Source material:
--------------------------------------------------
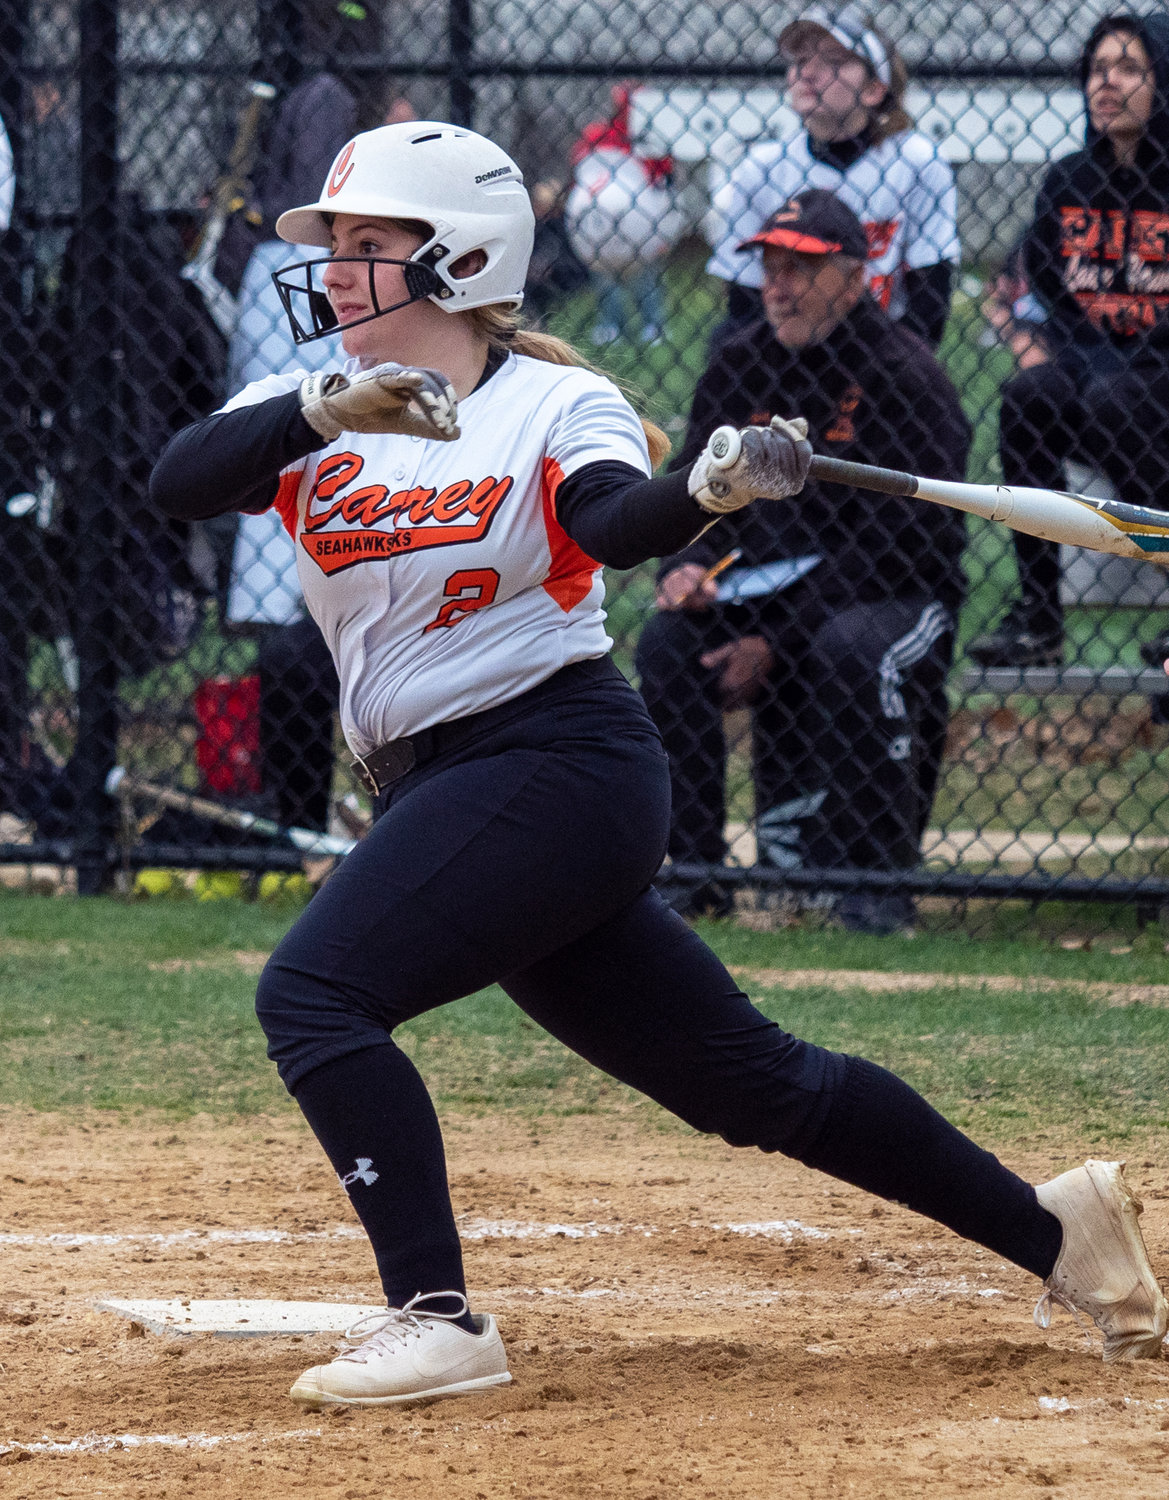 Senior Ava Rigano blasted two homers to help lift the Seahawks over visiting East Meadow, 10-6, on April 5.
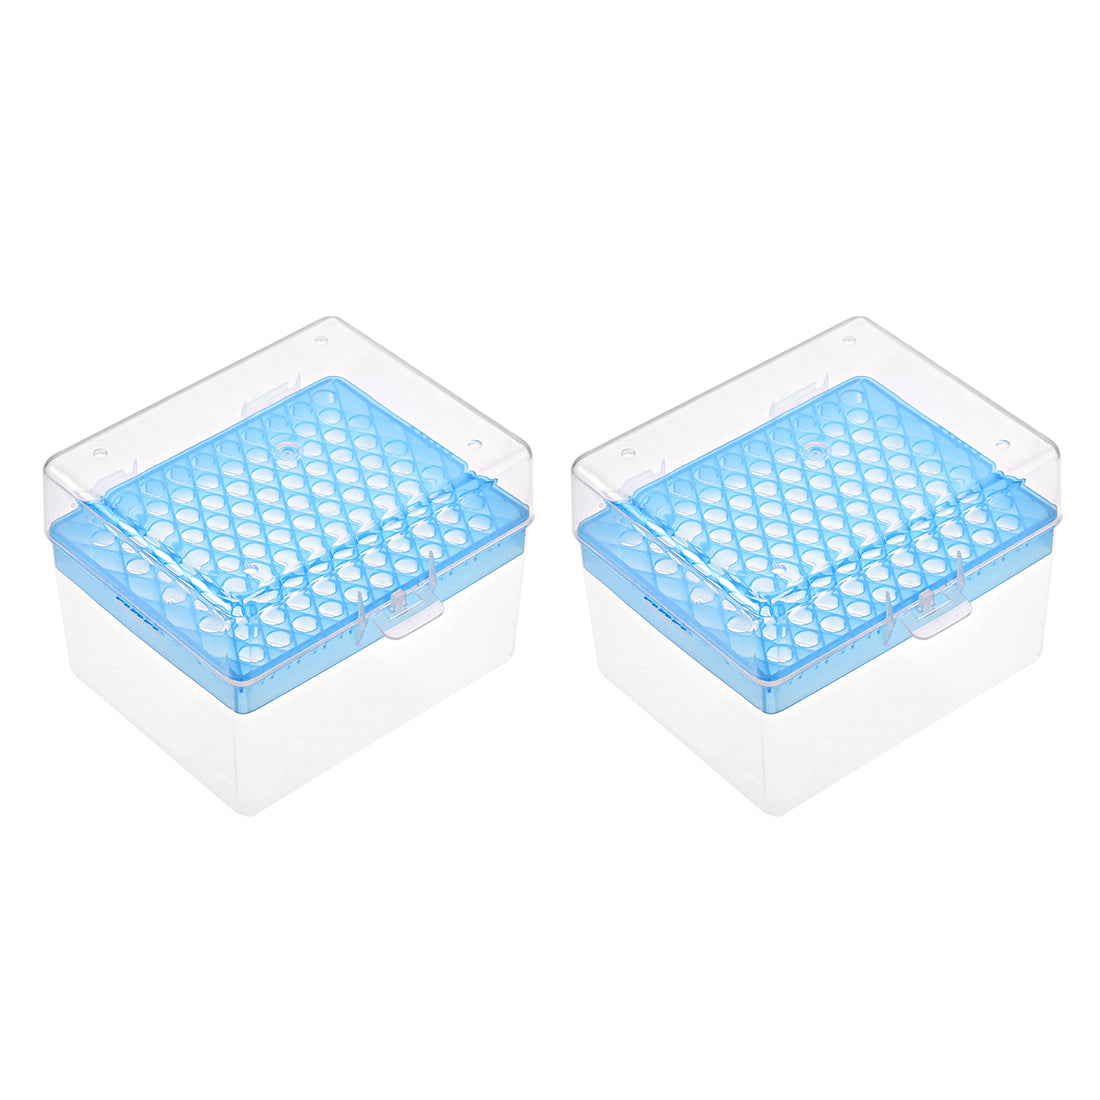 uxcell Uxcell Pipette Tips Box 100-Well Polypropylene Tip Holder Container for 1ml /1000ul Pipettor 8.5mm Hole Diameter 2Pcs
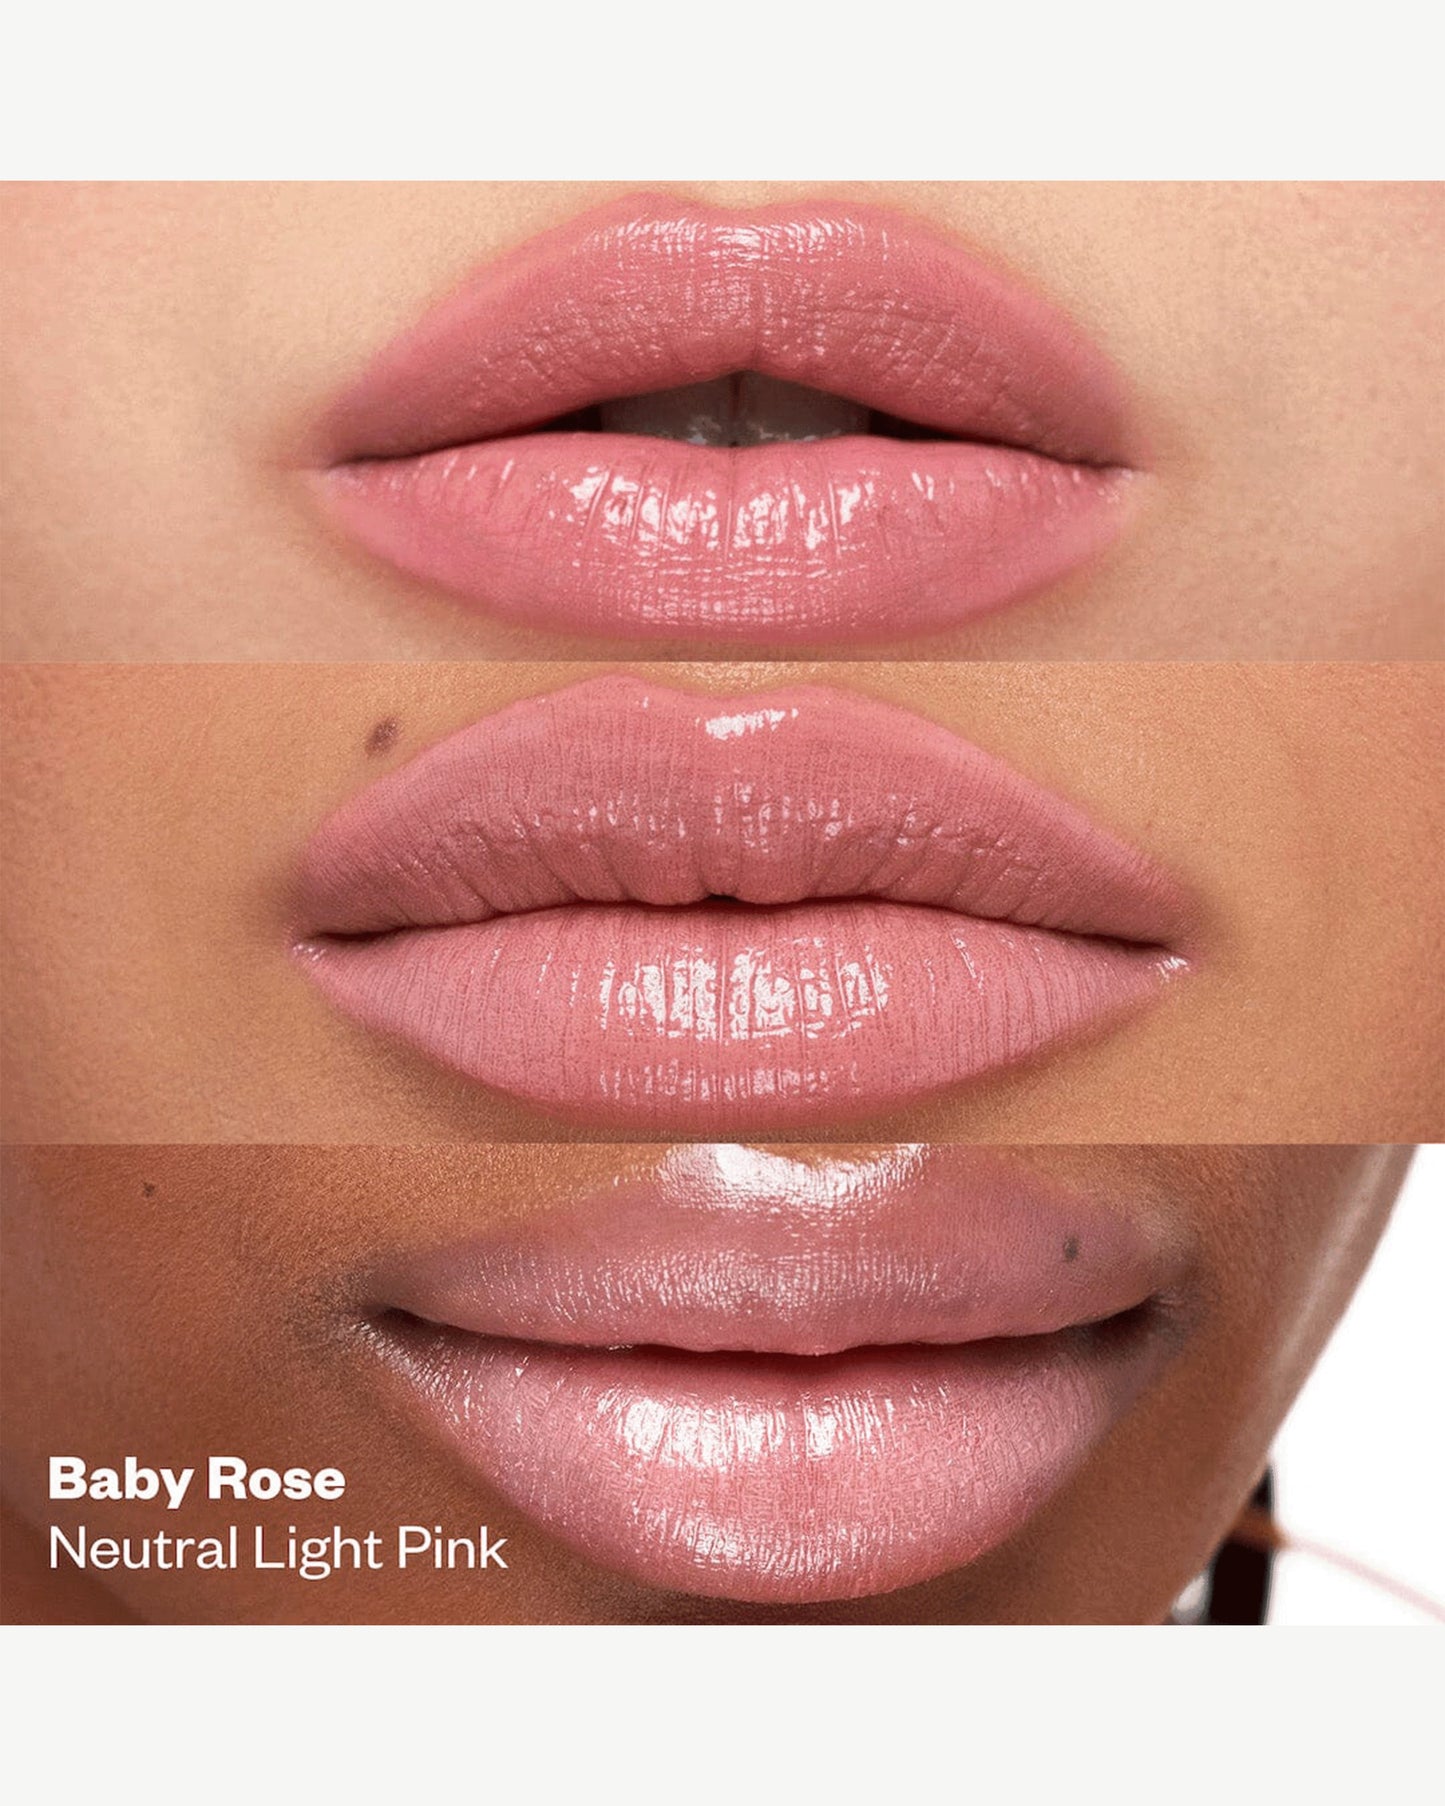 Baby Rose (neutral light pink)
--------------------------------------------------
Your task: A word-for-word copy is required of the lines above from the line with "uxcell Uxcell Pipette" through the last line of the data; no other lines and no pictures belong in it.

Answer space:
 uxcell Uxcell Pipette Tips Box 100-Well Polypropylene Tip Holder Container for 1ml /1000ul Pipettor 8.5mm Hole Diameter 2Pcs
 Baby Rose (neutral light pink)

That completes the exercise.